# Danger! Do you use one of these?



## DonaldG (Aug 23, 2007)

I did - it was one of those that has a thread underneath, thus:









A long story cut even longer :smile: I was in Germany and was treated to a fantastic trip down the Rhine to see the annual firework display. A very popular event.

Because of the crowds, I mounted my Canon 20D on a monopod that for some reason I had fitted the double adaptor. I hoisted the camera above everyone's head and took my photos - I did this over a period of an hour or so.

After the last firework died, I lowered the camera to take it off the monopod when it literally fell into my hand! The adaptor had snapped! 










Later, looking closer at the thing, I was horrified to realise that there was so little 'meat' holding the thing together. Only a millimeter or so of brass!



















So, if you have an adaptor like this, throw it away before it causes a heart break!

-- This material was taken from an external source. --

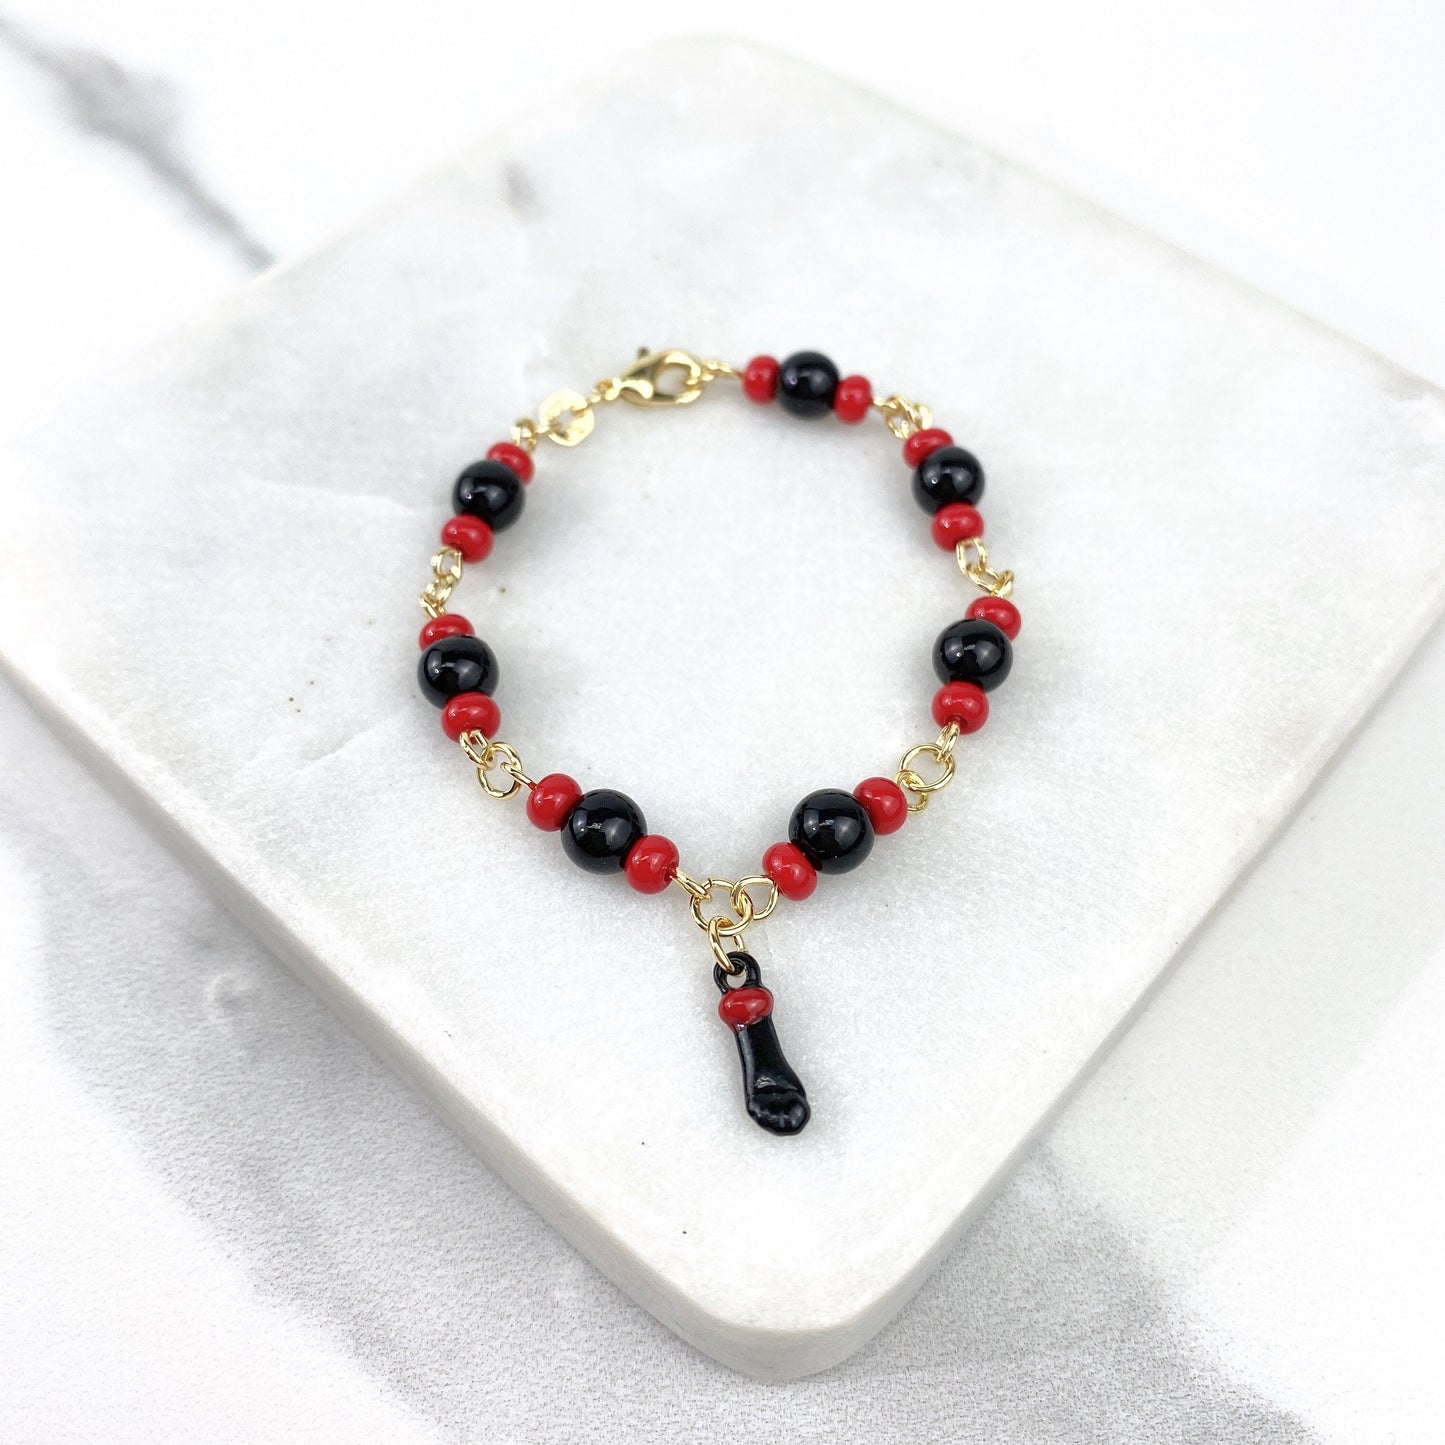 Mommy and Me Matching Jewelry | 18k Gold Filled Black Red Beads, Figa Hand, Kids or Mother Bracelet Wholesale Jewelry Supplies

I was extremely lucky that mine gave way when my hand was under the camera! You have been warned!


----------



## zuluclayman (Dec 16, 2005)

oh no! - not the 5D! - could have been a real disaster Donald, and probably would be blamed on excessive weight bearing or something lame by the maker if you complained. Can't believe they only had so little holding it together!


----------



## Done_Fishin (Oct 10, 2006)

It's exactly the same mechanical design, just a different size, as the nut for screw-fittings used to hold connectors to cards at the back of PC's .. I can't remember how many of those damn things I broke when tightening the nut some years back.

I have been toying with an idea, that I have had for some years, to make my own fixing using a bolt and a wing nut .. I have the hardware, just haven't found the combination that I feel safe with.


----------



## DonaldG (Aug 23, 2007)

Not the 5D2...It was the 20D but it would still have been a disaster


----------